# low kh gh safe for fish?



## stuckintexas (Aug 12, 2008)

I am about to add fish to this tank finally. its been cycling and has new ada amazonia in it so i have been dealing with ammonia for a few weeks.

i just want to make sure i have the proper electrolytes, calcium and magnesium in my water for cardinals and rcs. my gh and kh just measured to about 2 degrees so thats about 35ppm. is this too low of a value for the health of cardinals and rcs? my ph is 6.0.

if i need to bump it up what should i add?


----------



## CrownMan (Sep 12, 2005)

Cardinals will do fine in soft water. Shrimp will need calcium though for their molting cycles. The arlington water has about 20 ppm Ca with the KH about 4 degrees out of the tap. If you are doing your water changes regularly with tap, then you should be just fine. I have 7 tanks now with Cherry and Yellow shrimps (seperate tanks of course as they will interbreed). Good choice choosing cardinals. Mine are about 6 years old now and quite large (about 2") and they used to school well when I had more of them.


----------



## stuckintexas (Aug 12, 2008)

man, that low kh doesnt buffer worth a damn. i just did a 50% WC and my ph went from 6.0 to 6.6...it will stabilize over the next few hours back to 6.0 because of my soil but these quick swings cant be good for fish...

another way around this is to just do more frequent but smaller changes. like 4 times a week at 10%.
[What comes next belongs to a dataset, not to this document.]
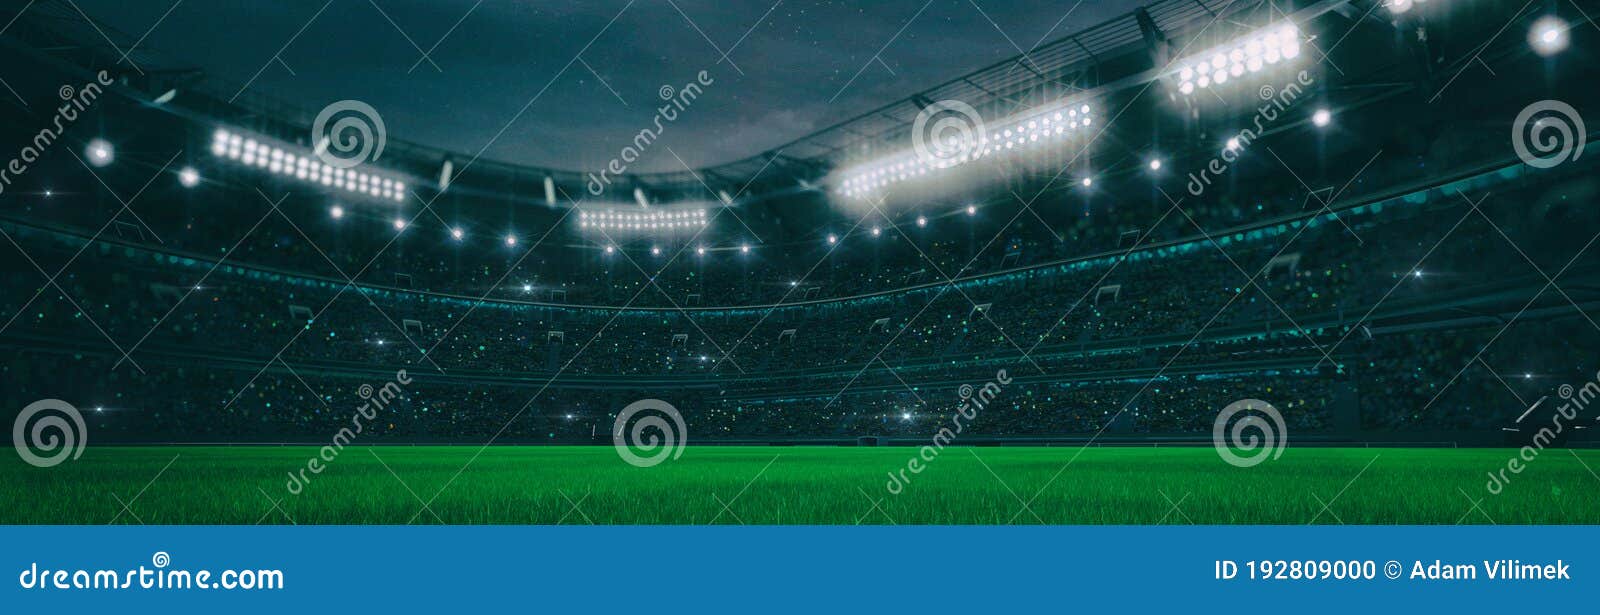 Sport Stadium at Night As Wide Backdrop. Stock Illustration ...

mike, what is the name of that seachem product you use to add more calcium/mg to the water?


----------



## ed seeley (Dec 1, 2006)

I use pure RO remineralised with some RO Right. This gives me water of 0dKH and 3dGH. pH swings aren't an issue IME; large swings of TDS can be. Simply keep your water make-up the same and your fish will be fine, especially ones from water with almost no TDS like cardinals!


----------



## CrownMan (Sep 12, 2005)

I use Equilibrium in all of my tanks but if you follow the instructions to add 1 degree of GH, it will add a lot of potassium to your system. That works in some of my tanks that I don't use EI and CO2. It is a powder and you can use the fertilator in this web site to play around with different doses of it to determine how much Ca, Mg, Fe and K it adds. The instructions on the bottle state that to increase GH by 3 degrees, add 3 tsp per 20Gallons. That's 41ppm of Potassium you are also adding. You might want to buy a tub of pure CaCl from Leslies Pool Supply and a bag of Epson salts (Mg) to do the same thing without adding so much Fe and K. I only have used it in 1 tank to raise my GH and that is my 29 Gallon tank that occassionally bottoms out the Gh and Kh due to other factors. That 29G tank has a seasoned substrate that keeps the pH around 5.9. It houses about 100 cherry shrimp, 3 Peppered Corys and 6 Albino Corys. No CO2 in that tank.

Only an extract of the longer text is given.